FIG. 6A shows ROC curves comparing Eclass “non-deep” learning and CNN deep learning approaches to automated screening and FIG. 6B shows an example of imaging biomarkers that may be fed to the Eclass non deep machine learning algorithms.

It will be appreciated that for simplicity and clarity of illustration, elements shown in the figures have not necessarily been drawn to scale. For example, the dimensions of some of the elements may be exaggerated relative to other elements for clarity. Further, where considered appropriate, reference numerals may be repeated among the figures to indicate corresponding or analogous elements.

DETAILED DESCRIPTION OF THE PRESENT INVENTION

In the following detailed description, numerous specific details are set forth in order to provide a thorough understanding of the invention.

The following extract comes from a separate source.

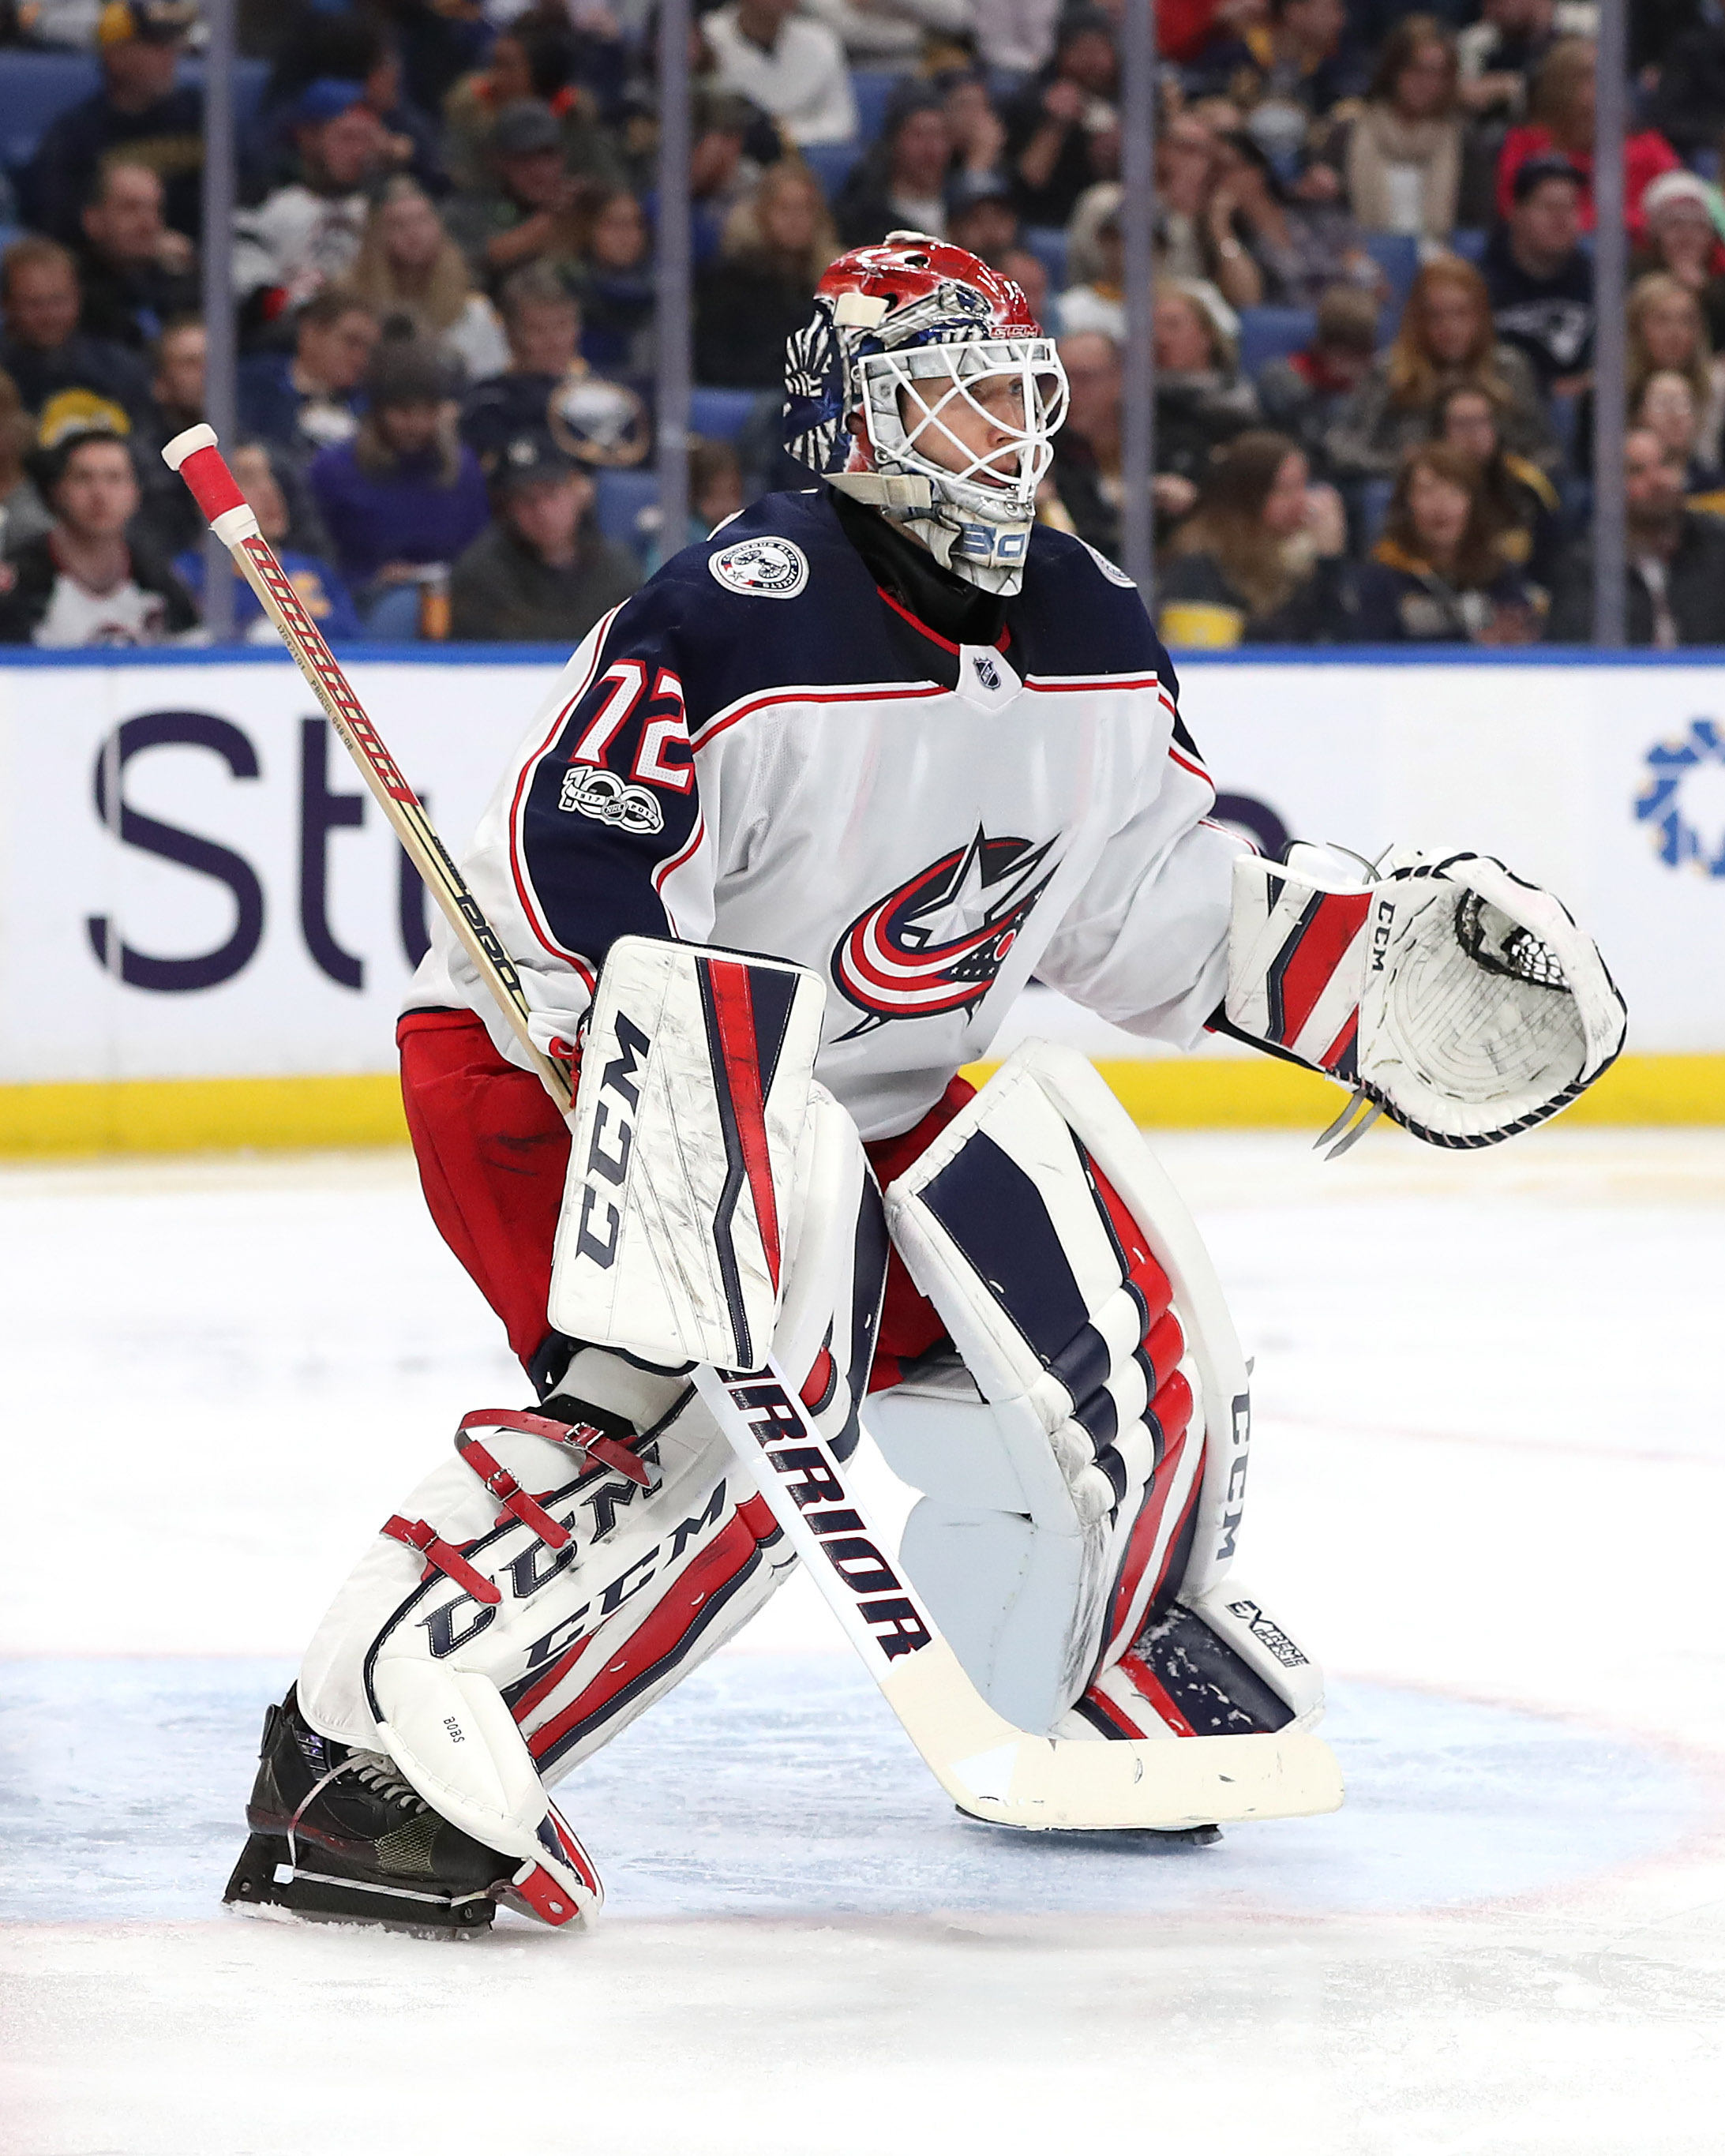 TRAIKOS: When will Sergei Bobrovsky start playing up to his

However, it will be understood by those skilled in the art that the present invention may be practiced without these specific details. In other instances, well-known methods, procedures, and components have not been described in detail so as not to obscure the present invention.

FIG. 1 shows the spectral dependence of two imaging biomarkers on one sample lesion over the entire spectrum, as a function of wavelength, providing evidence that a machine learning algorithm utilizing a range of wavelengths may achieve higher sensitivity and specificity compared to RGB equivalent values. The two imaging biomarkers selected for analysis were the most melanoma-predictive RGB biomarkers identified in the aforesaid U.S. Patent Application Publication No. 2018/0235534 (i.e., “optimum imaging biomarkers”).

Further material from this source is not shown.